Saving for your children’s education with RESPs

Post-secondary education in Canada is expensive. Many students have to take on substantial student loans to pay for their studies, and then struggle for years to repay them. You can make the future easier on your children by investing in a Registered Education Savings Plan (RESP).

You can open an RESP for your own children, children of relatives or even for children you are not related to. When the beneficiary enrols in a qualifying educational program after high school, he/she will receive payments from the RESP provider.

The savings in an RESP are tax-free, can be accessed for a period up to 36 years, and you may even be able to earn extra money by accessing government grants. The Canada Education Savings Grant matches 20 per cent of your RESP contributions each year until the end of the year when the child turns 17. On top of the basic 20 per cent, the Additional CESG matches 10 per cent or 20 per cent for the first $500 you contribute each year until the beneficiary turns 17. The additional percentage depends on your family income.

The child in question may also be eligible for the Canada Learning Bond if he/she was born after December 31, 2003, and if you get the National Child Benefit Supplement. The Canada Learning Bond is a program destined that gives you $500 to start the RESP and then $100 per year until the child reaches the age of 15.

Many financial institutions offer RESPs. You can find a list of providers on the Human Skills and Development Resources Canada website (http://www.hrsdc.gc.ca/eng/home.shtml). All you need is a valid SIN number for you and for the child who will be the beneficiary, and you will also need to show the child’s birth certificate or PR card. You should meet with several providers and discuss your investment options before you make a choice.

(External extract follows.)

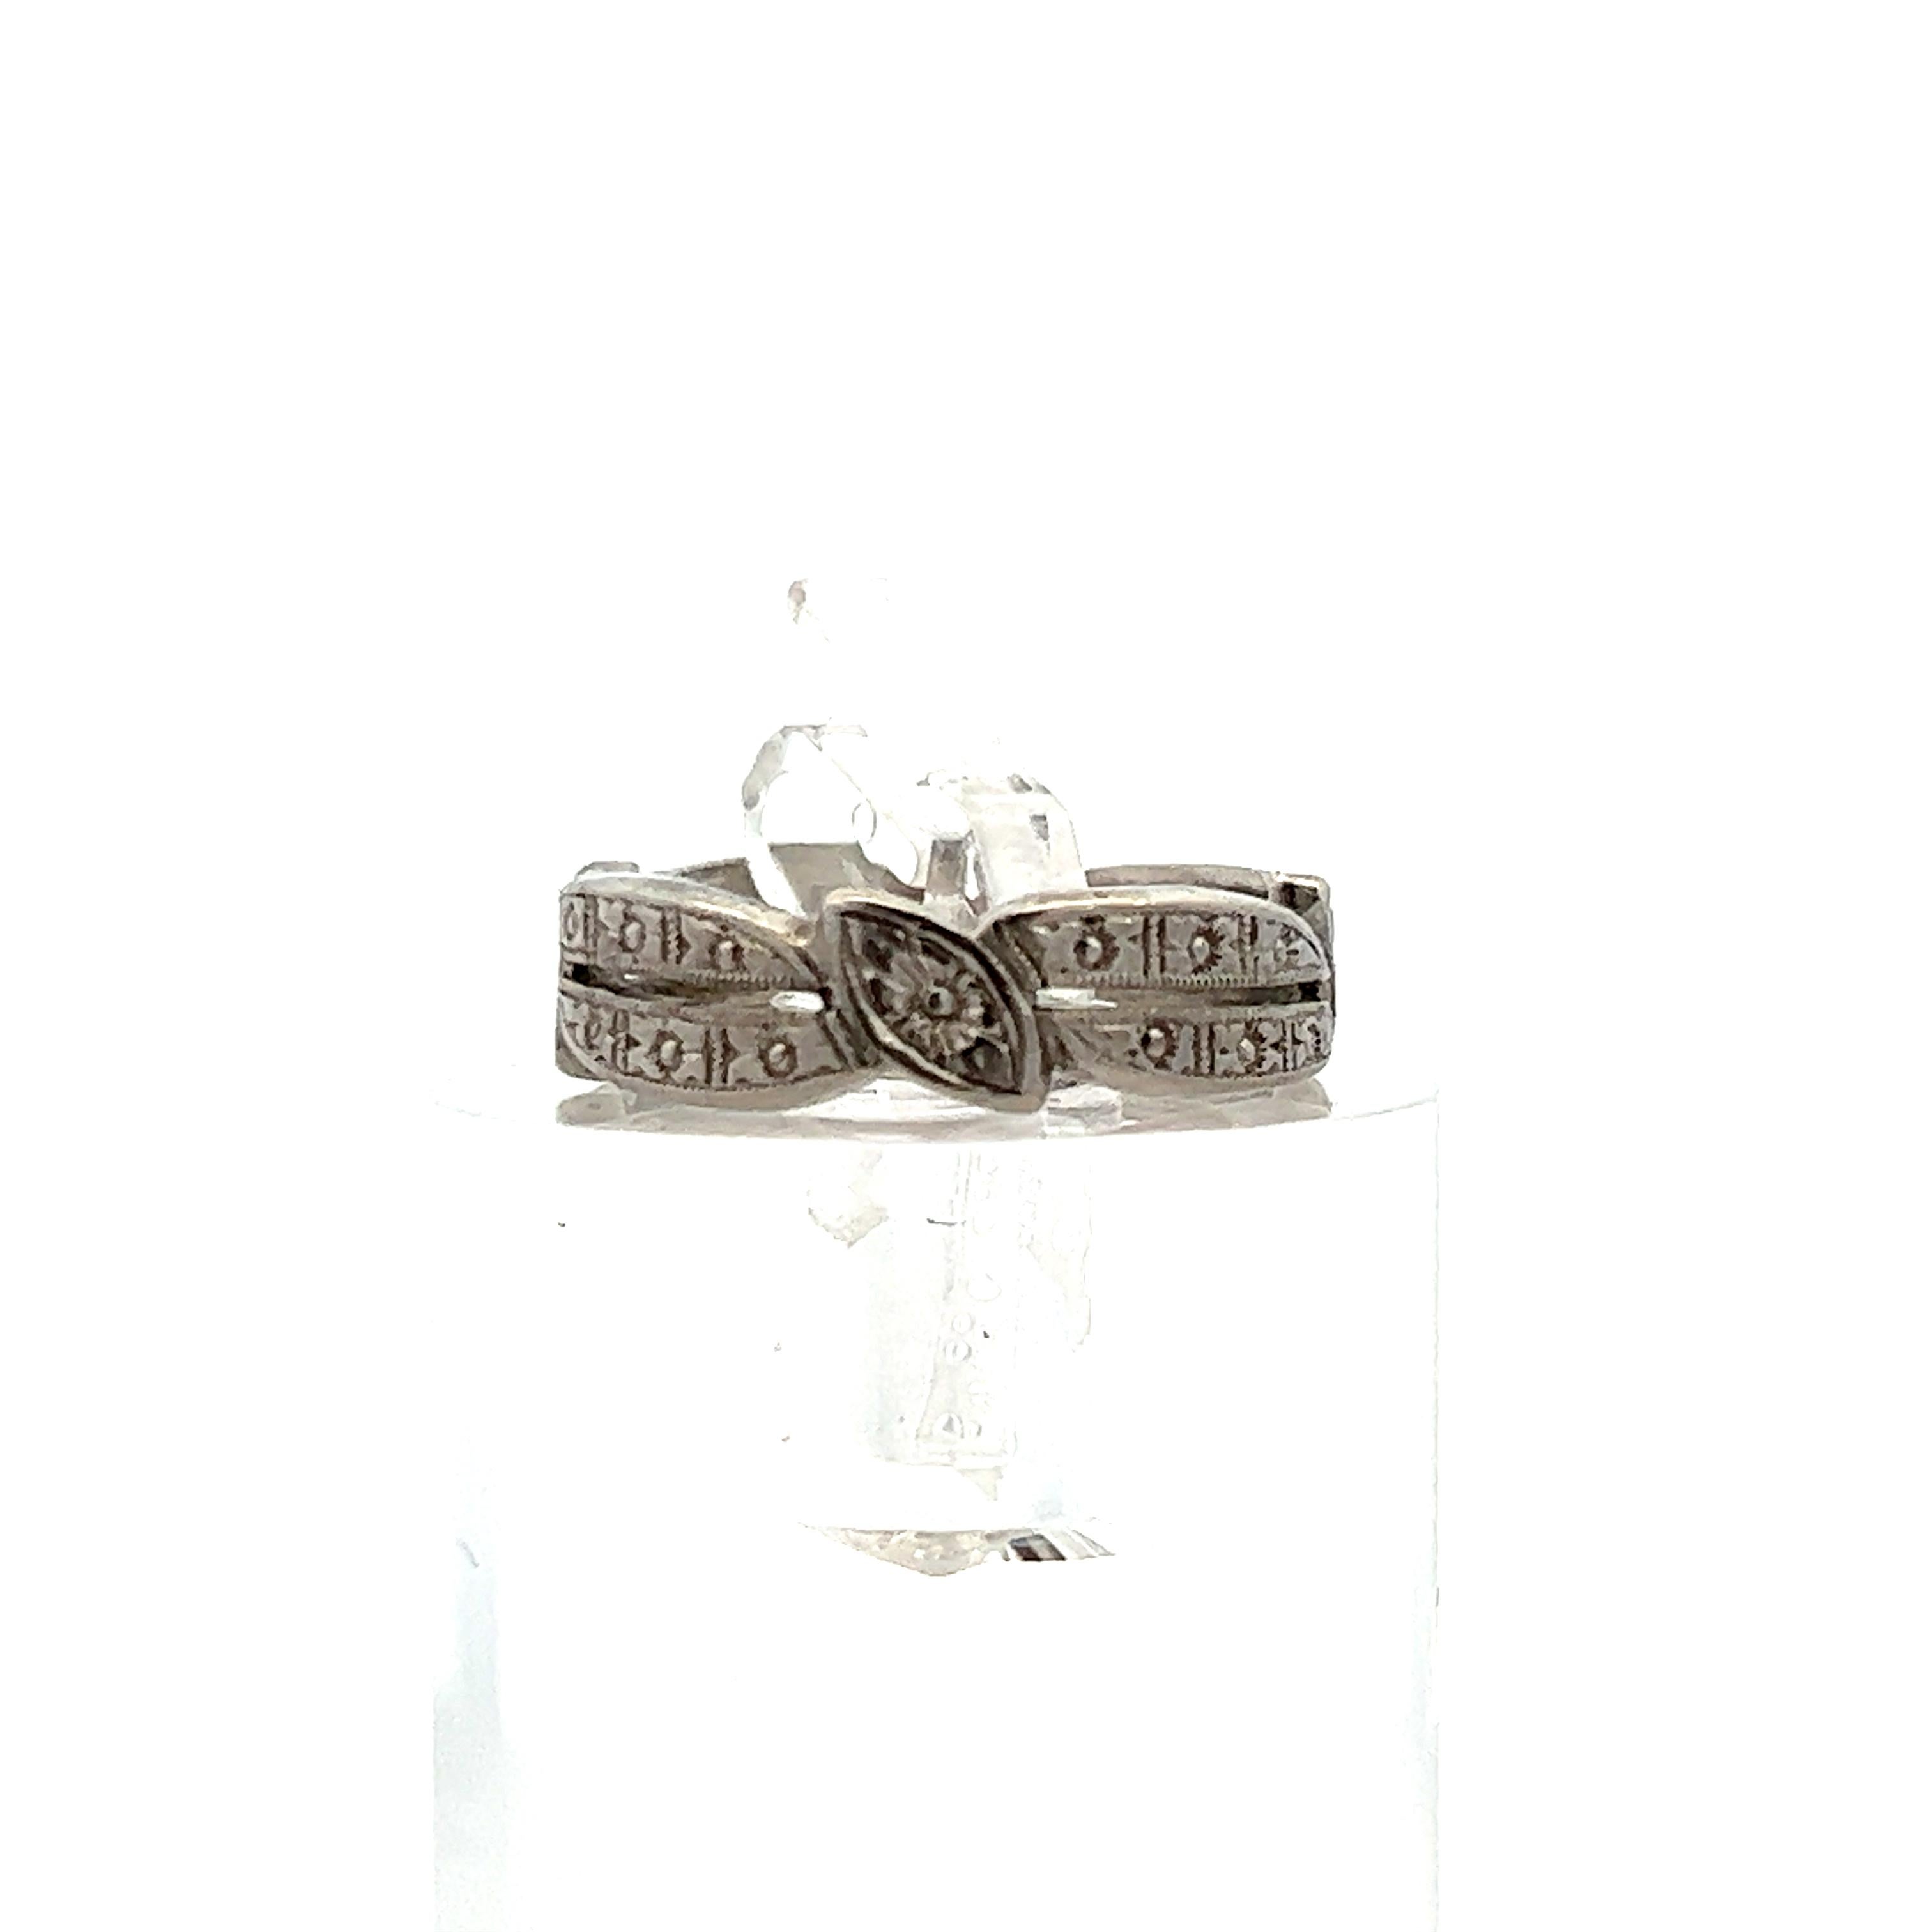 This timeless treasure from the 1925 Art Deco period is an engraved band made from platinum. The band consist of 2 individual converging bands that are connected with oval shaped breaks. The individual bands as well as oval shaped breaks all contain

Even if your child decides not to continue education after high school, RESPs offer sufficient mobility to make good use of the savings in them. You can transfer the funds to a different RESP (for example, that of a sibling), to an RRSP, or you can withdraw your contribution and your investment earnings (the investment earnings are taxable).

As you can see, all it takes is to start, even with a modest contribution, and to start as early as possible. The government is ready to give you extra money to help you maximize your child’s chances for a better life. If you have small children, start now, because the money will accumulate over the years. When your children graduate from high school, you will congratulate yourself for giving them a debt-free future.